Reputation: 439
I'm trying to create a foreach
to fasten the misspelling words replacement for a bigger data frame. My code ran with no issue but I'm not seeing the correct result. Please see below for an example of my data frame and the codes I used.
I have a main data frame and a data frame where I use to find and replace the predefined misspelled text from the main data frame:
#create main data frame
df <- data.frame("Index" = 1:7, "Text" = c("Brad came to dinner with us tonigh.",
"Wuld you like to trave with me?",
"There is so muh to undestand.",
"Sentences cone in many shaes and sizes.",
"Learnin R is fun",
"yesterday was Friday",
"bing search engine"), stringsAsFactors = FALSE)
#create predefined misspelled data frame
df_r <- data.frame("misspelled" = c("tonigh", "Wuld", "trave", "muh", "undestand", "shaes", "Learnin"),
"correction" = c("tonight", "Would", "travel", "much", "understand", "shapes", "Learning"))
library(DataCombine)
library(doParallel)
library(foreach)
no_cores <- detectCores()
cl <- makeCluster(no_cores[1]-1)
registerDoParallel(cl)
df_replacement <- foreach((df$Text), .combine = cbind) %dopar% {
replacement = DataCombine::FindReplace(data = df, Var = "Text", replaceData = df_r,
from = "misspelled", to = "correction", exact = FALSE)
replacement
}
stopCluster(cl)
I'm not sure what did I do wrong in the foreach
part.

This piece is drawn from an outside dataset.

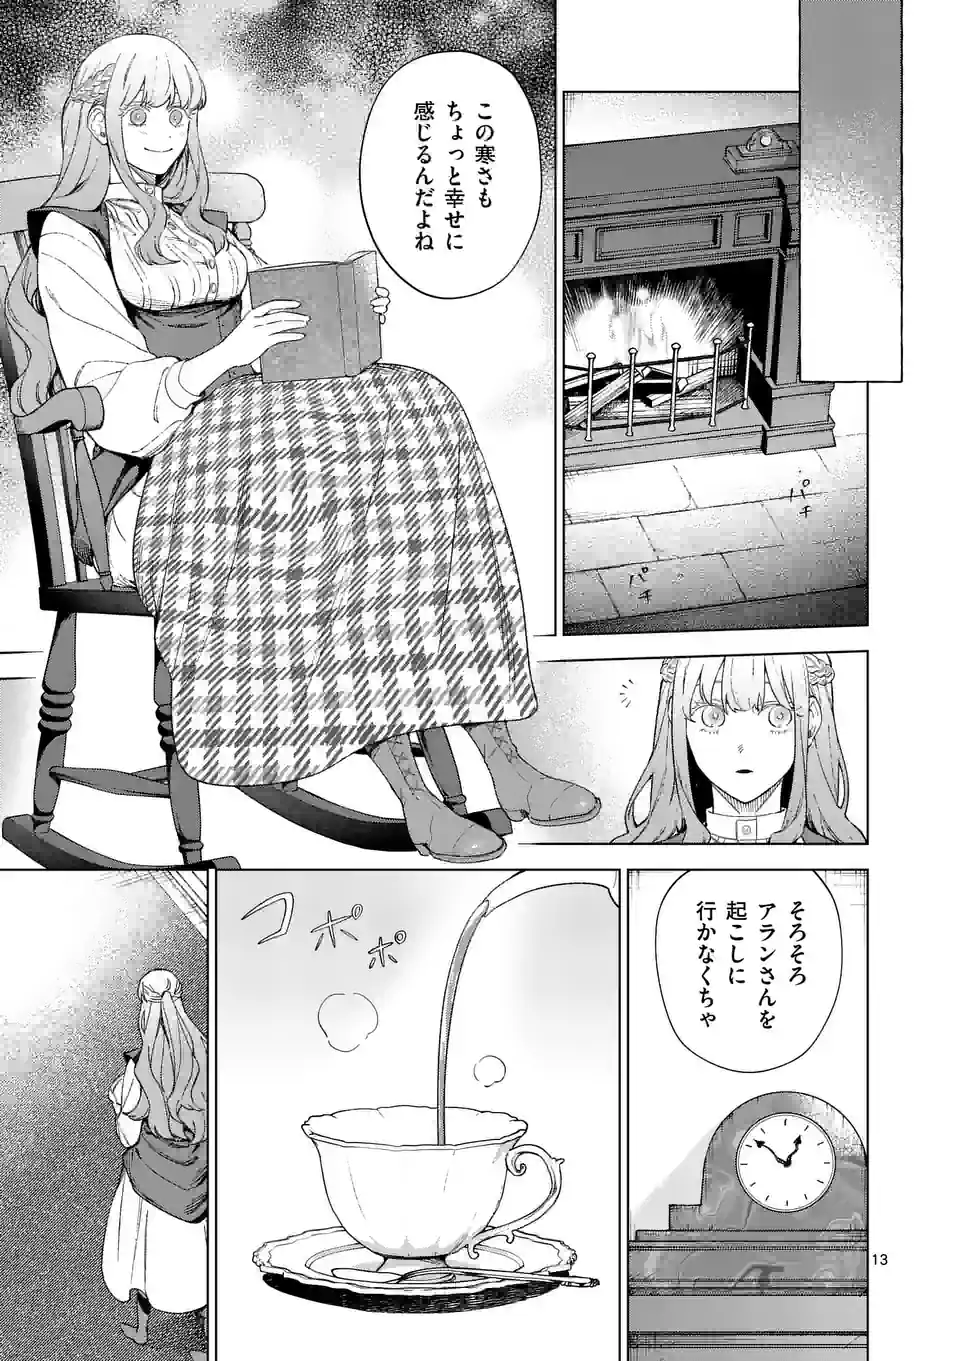 Mou Kyoumi ga Nai to Rikonsareta Reijou no Igai to Tanoshii Shinseikatsu - Chapter 9.5 - Page 1

Any advise is appreciated.
Upvotes: 1
Views: 255
Reputation: 2956
I think you are looking for this:
df_replacement <- foreach(i = (rownames(df)), .combine = rbind) %dopar% {
replacement = DataCombine::FindReplace(data = df[i,], Var = "Text", replaceData = df_r,
from = "misspelled", to = "correction", exact = FALSE)
replacement
}
whats happening:
Foreach understands it has to run i rows long. But your function calls always the whole! dataframe. So the output is also the whole dataframe, which is two columns long for every loop. The .combine=cbind
combines the dataframes by columns.... 2(columns)*7(cores) = 14. So make sure your FindReplace just calls the rows you want to have and not the whole dataframe in each loop.
I edited this with calling just the rows of each iteration df[i,]
in your FindReplace
. Also i changed cbind
to rbind
, since you want to add the rows and not the columns afterwards.
Upvotes: 1